DATA SEGMENT:
########################################

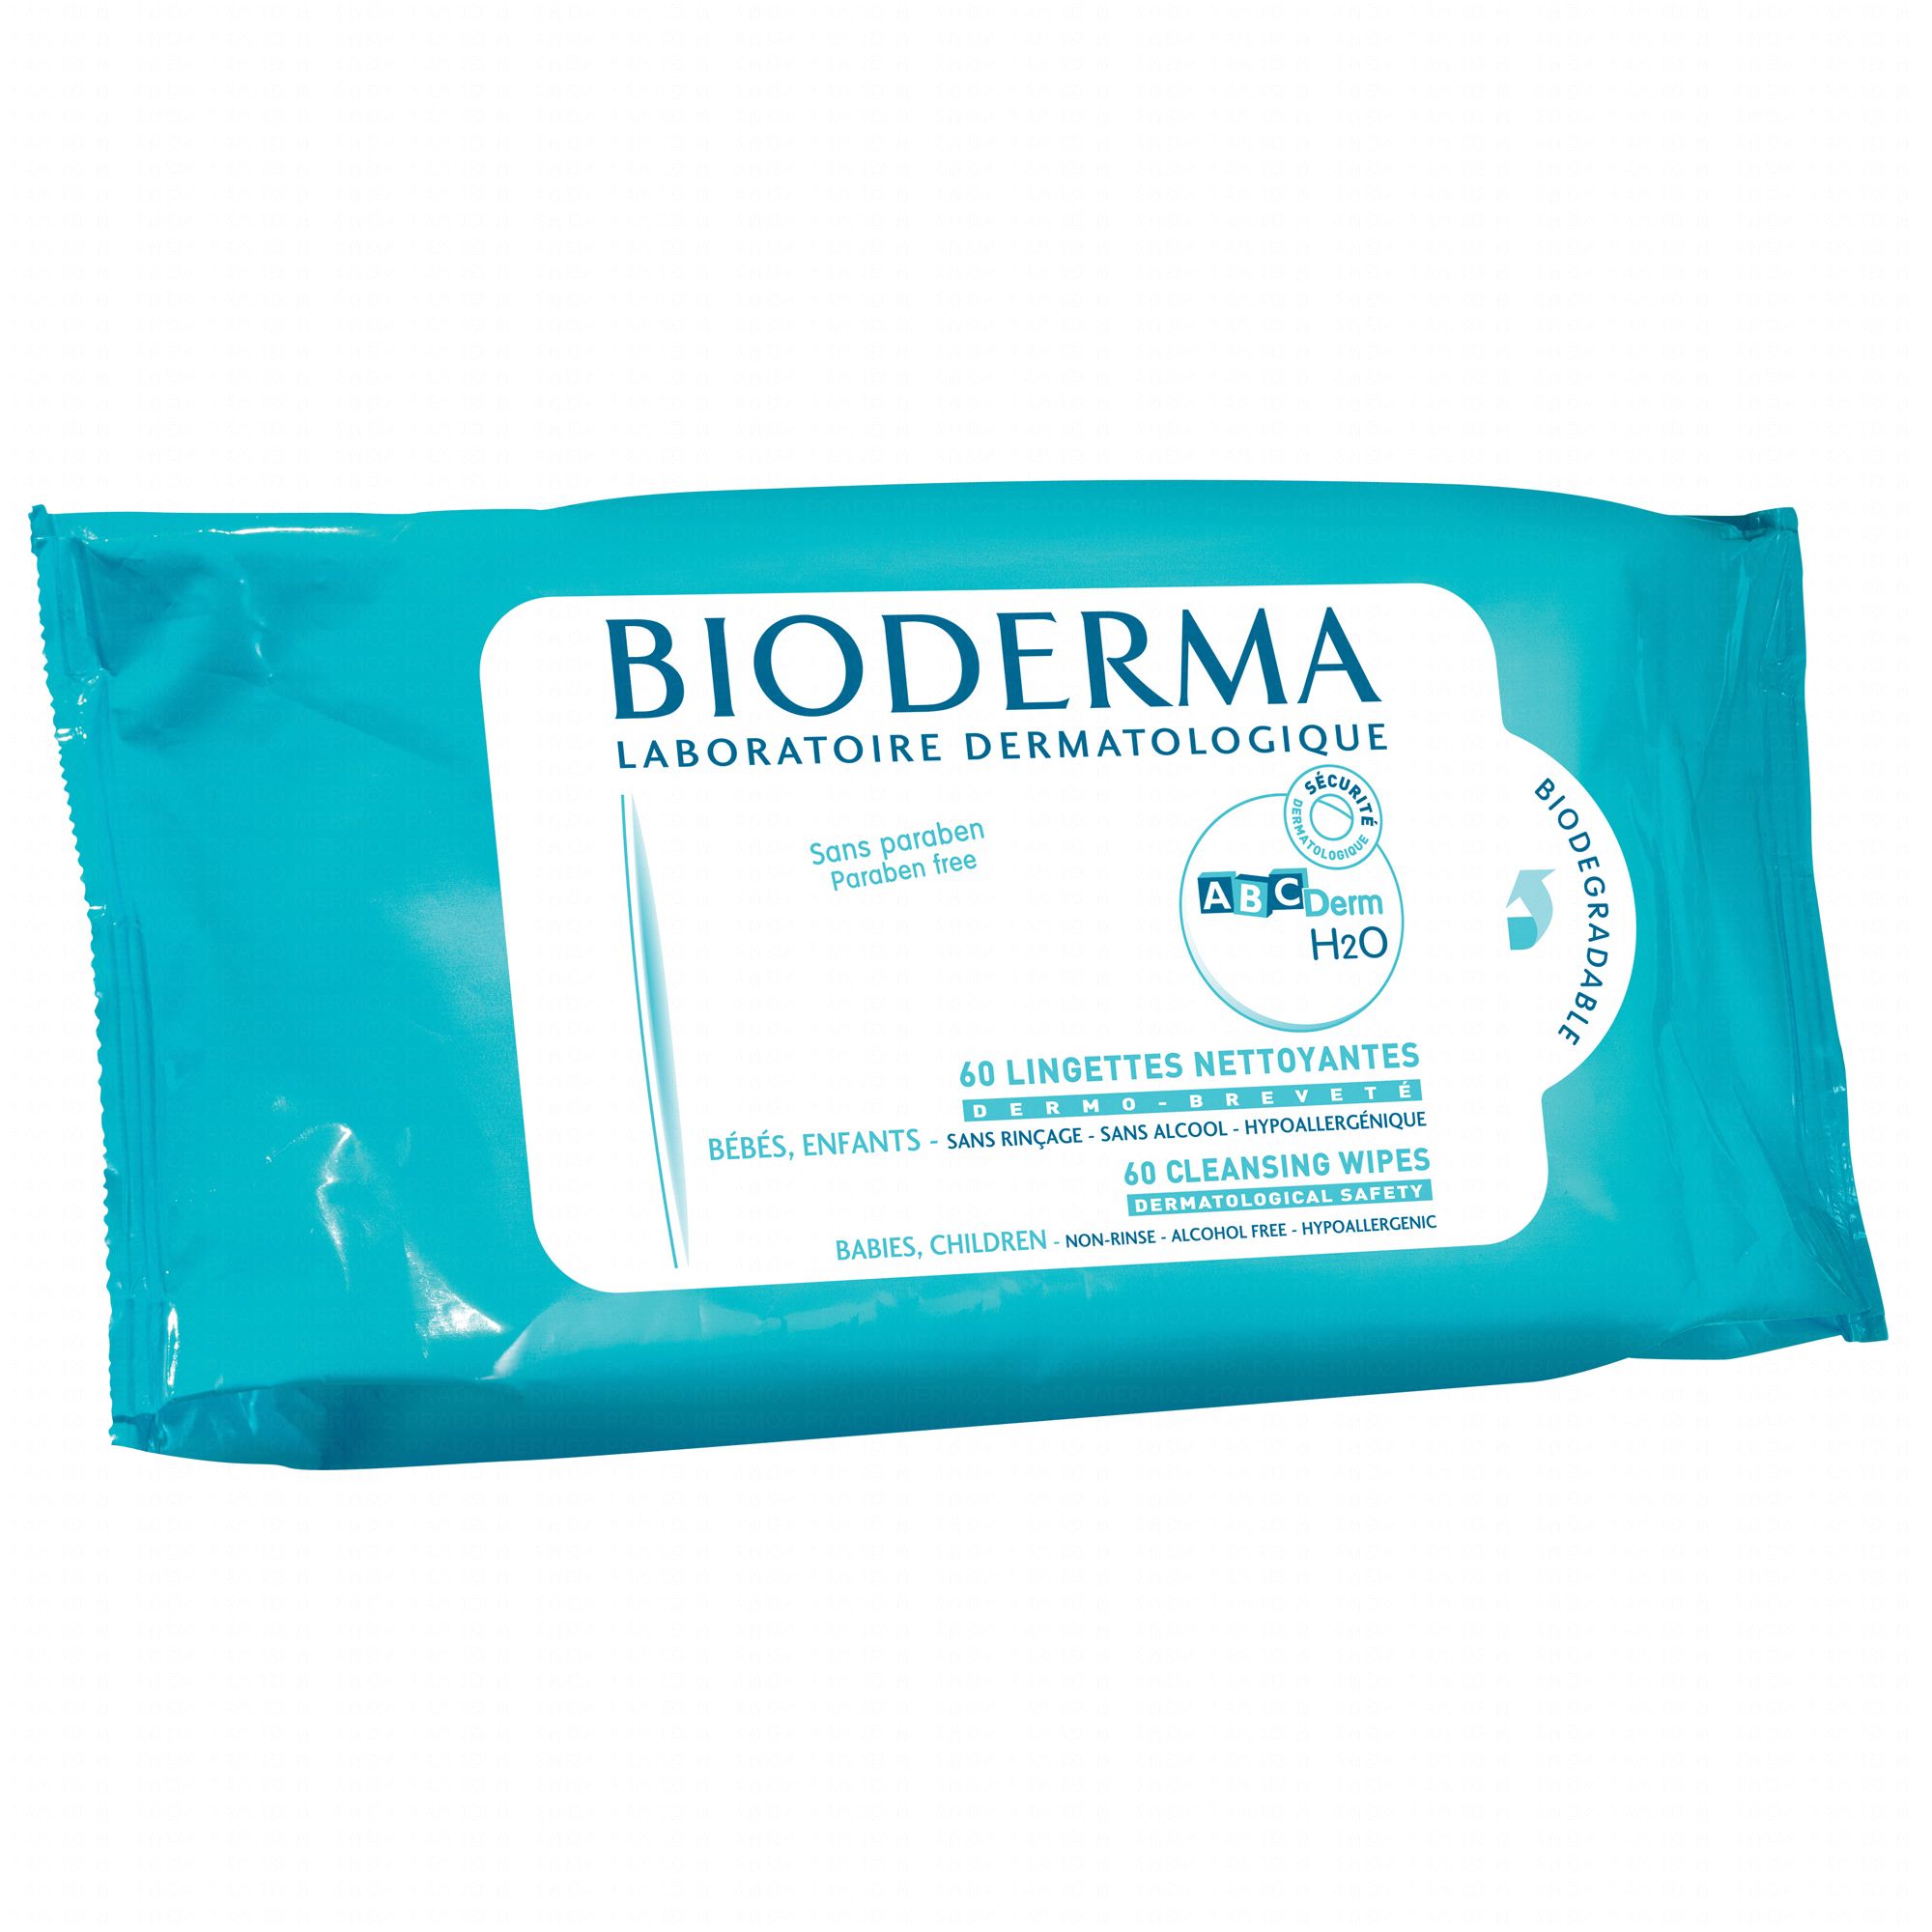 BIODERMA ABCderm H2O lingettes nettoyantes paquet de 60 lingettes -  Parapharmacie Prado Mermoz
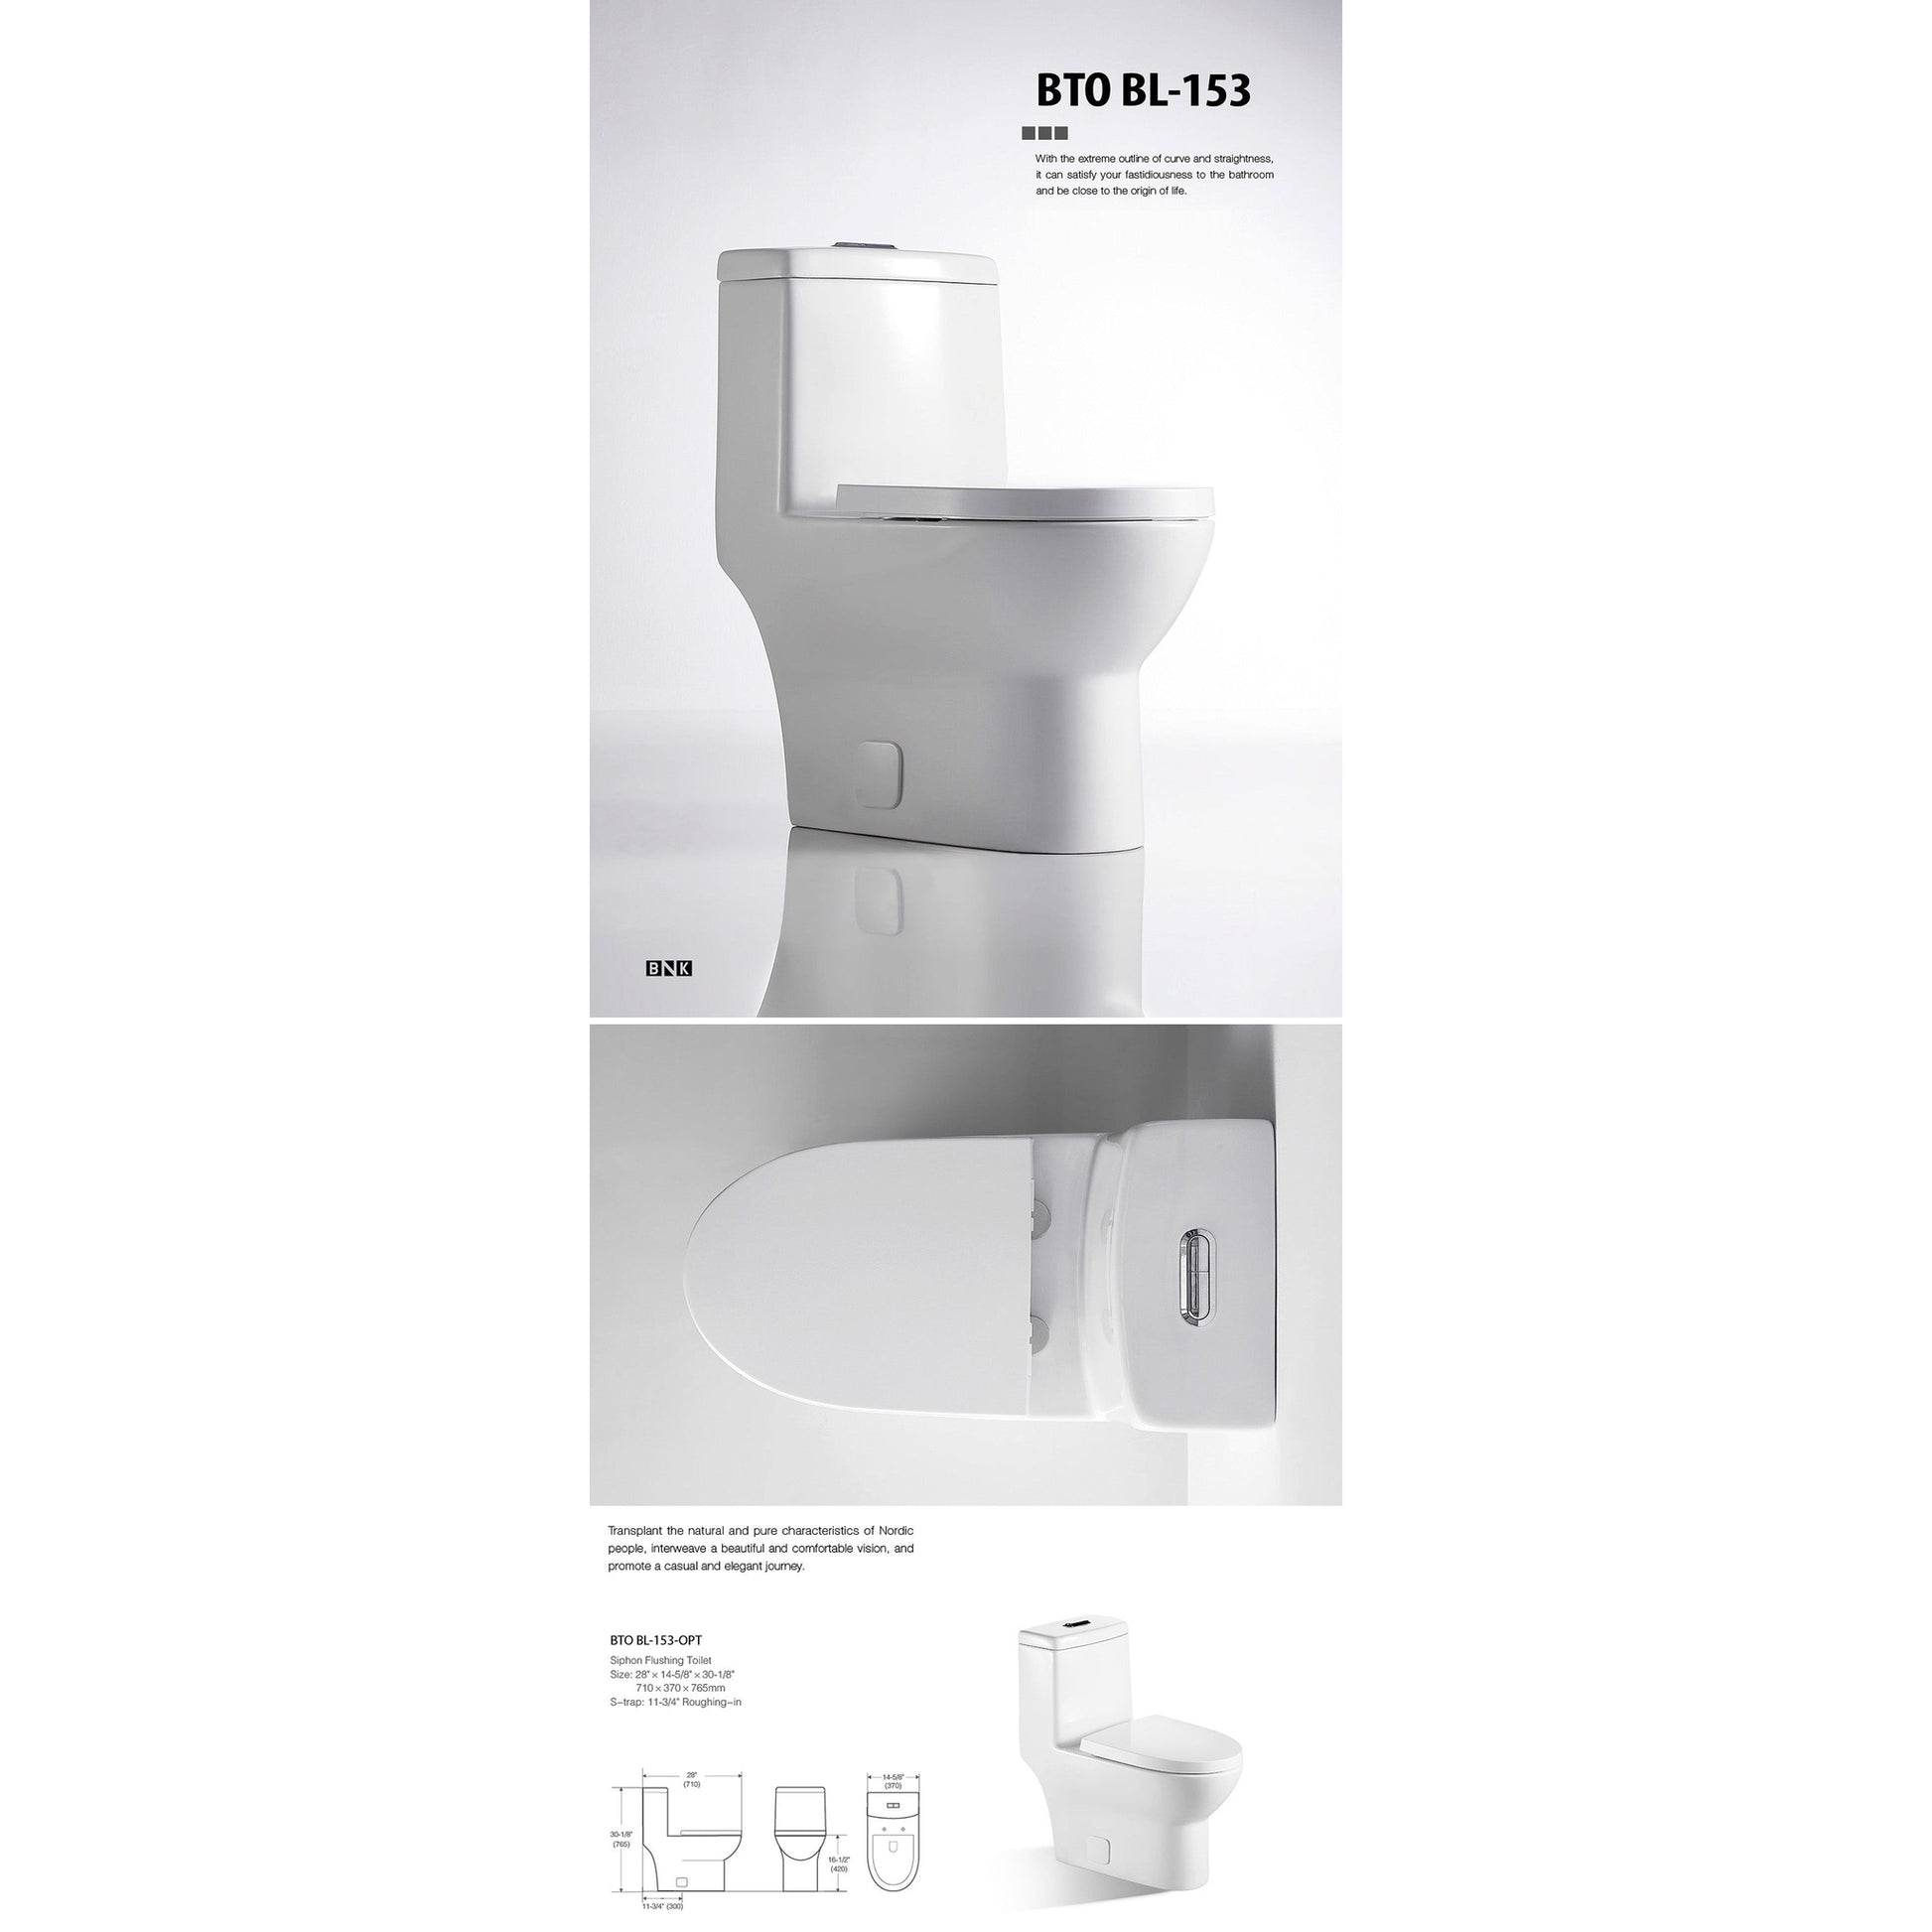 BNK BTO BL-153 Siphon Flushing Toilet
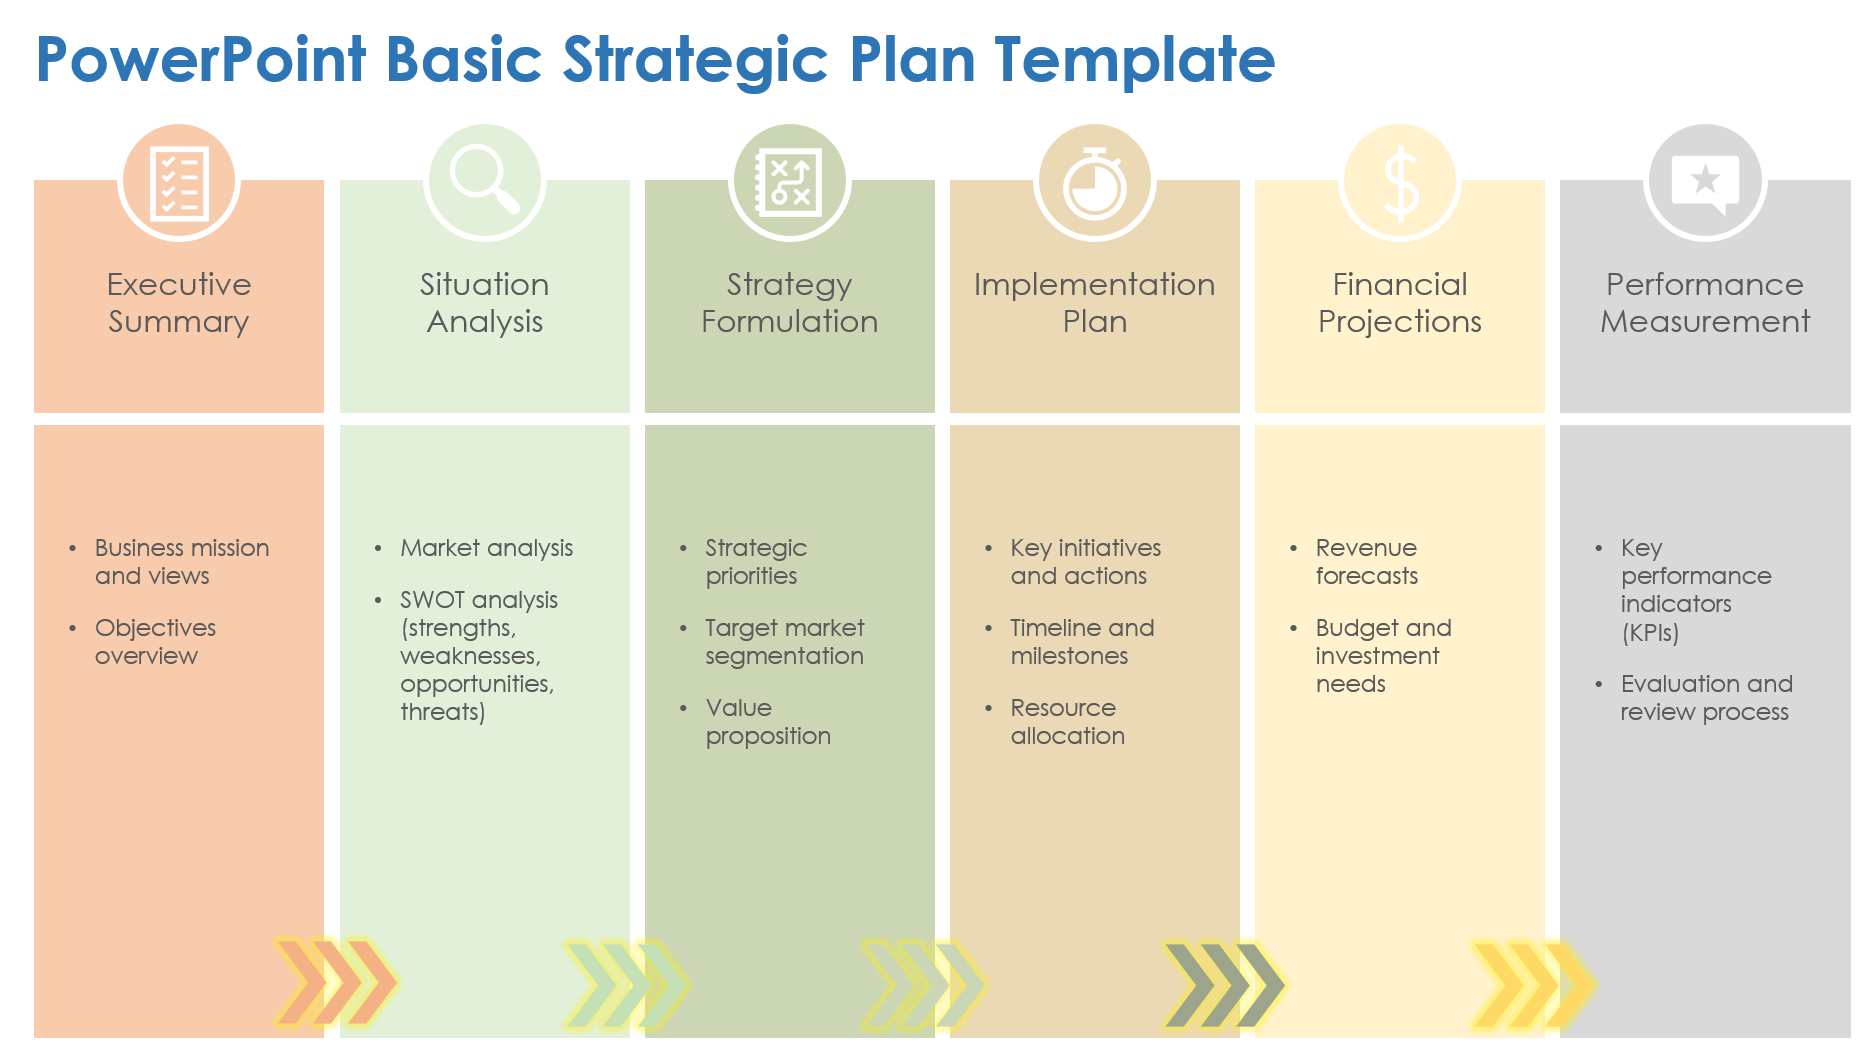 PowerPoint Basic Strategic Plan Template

########################################

TASK BRIEF: This task calls for an exact copy of the data above, without pictures.

SOLUTION:
 BIODERMA ABCderm H2O lingettes nettoyantes paquet de 60 lingettes -  Parapharmacie Prado Mermoz
 BNK BTO BL-153 Siphon Flushing Toilet
 PowerPoint Basic Strategic Plan Template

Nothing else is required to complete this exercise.